クレオは悲しそうな顔をして、床に落ちたインパクト·チェーンを拾った。


そして、それを放った娘に強引に握らせる。


「これは父さんが残した大事なものだ。そんな風に扱うんじゃない」


「それが欲しいんでしょ!? だったらあげるよ! それを使って母さん一人で遺跡でもなんでも掘り起こして、何かを守るなり殺すなりすればいいじゃないかッ! 僕は関係ないッ!」


「違う、これは私たち家族がやらなければならないことなんだ。だからこそ、父さんは私とお前にこれを――」


「そんなの知らないよッ!」


レミは力任せに母の手を振り払った。


一見すると娘が母親に逆らっているだけのように見えるが、ユリにはレミの気持ちが理解できた。


親が決めたことを――。


両親が持つ常識を押しつけられるのは、子供として耐えがたい苦痛だ。


たとえそれが正しいとされていることでも、自分の意思など介入できないことを強要されるのは、奴隷と変わらないと。


(まあ、私とじゃ話のスケールが違い過ぎるけど……)


内心で自嘲しながら、ユリがそんな母と子二人の様子を見ていると、クレオは表情を冷たいものへと変えた。

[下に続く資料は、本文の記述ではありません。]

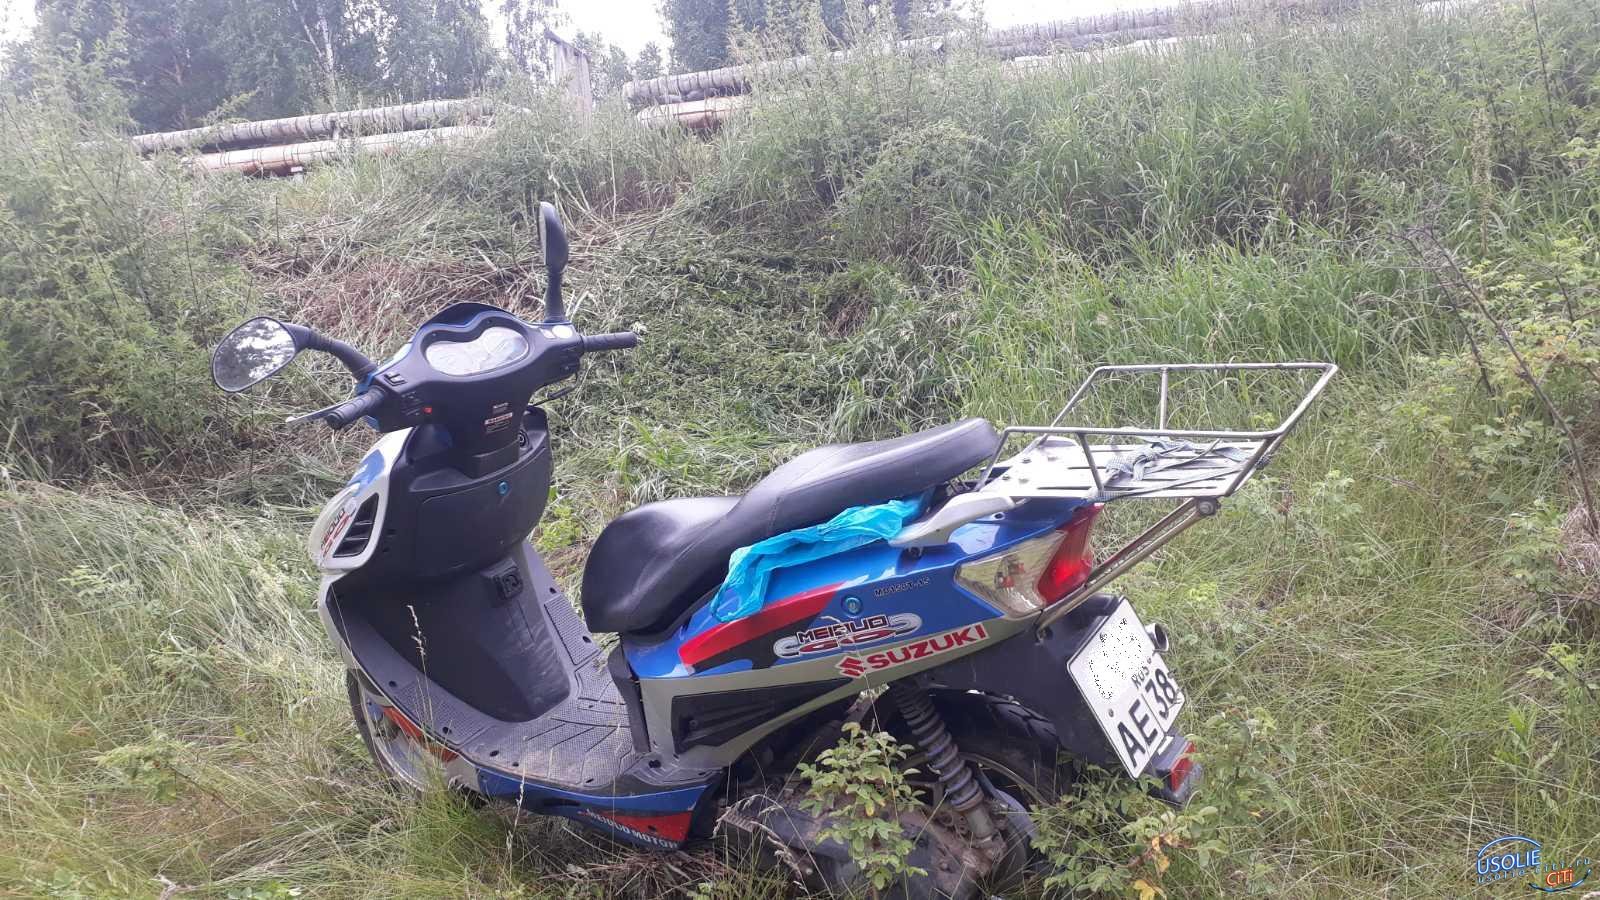  В Усольском районе пьяный пенсионер перевернулся на мотоцикле

ユリはそんな彼女の顔を見て、思わず仰け反ってしまっていた。


横浜からインド、そしてトルコと、ここ数時間で怖い体験をしてきたが、この女性は怖さのレベルが違う。


何もされていないし、怒鳴ったわけでもないのに、ただ顔を見ただけで体の震えが止まらなくなる。


ユリはクレオの印象が一気に変わり、やはりこの人物は暗殺組織のボスなのだと思い直していた。


「古文書によれば、次にチェーンで扉を開くことができるのは一ヶ月後。それを逃せば再び数年間はチャンスがない。レミ、時間がないんだ。お願いだから私と共に来てくれ」


「だから嫌だって言ってるだろ! チェーンなんかあげるから、母さんだけでやってよ!」


「私だけでは無理なんだ。頼む、一緒に父さんの願いを叶えよう。この力を他の者に与えてはならないんだ。共に世界を権力者たちから守るんだよ」


「世界なんて知らない! 勝手にやってよそんなことッ!」


レミは断固として断った。


伸ばした母の手を払って距離を取り、実の親に向かって親の仇でも見るような目で睨み返している。


そんな娘の態度を見ても、クレオの氷のような表情は変わらなかった。


青い瞳がその冷たさを強調し、その眼差しでレミのことを見つめている。


「そうか。ならばしょうがない」


クレオはその冷たい顔のままで払われた手を下げると、拳を固く握った。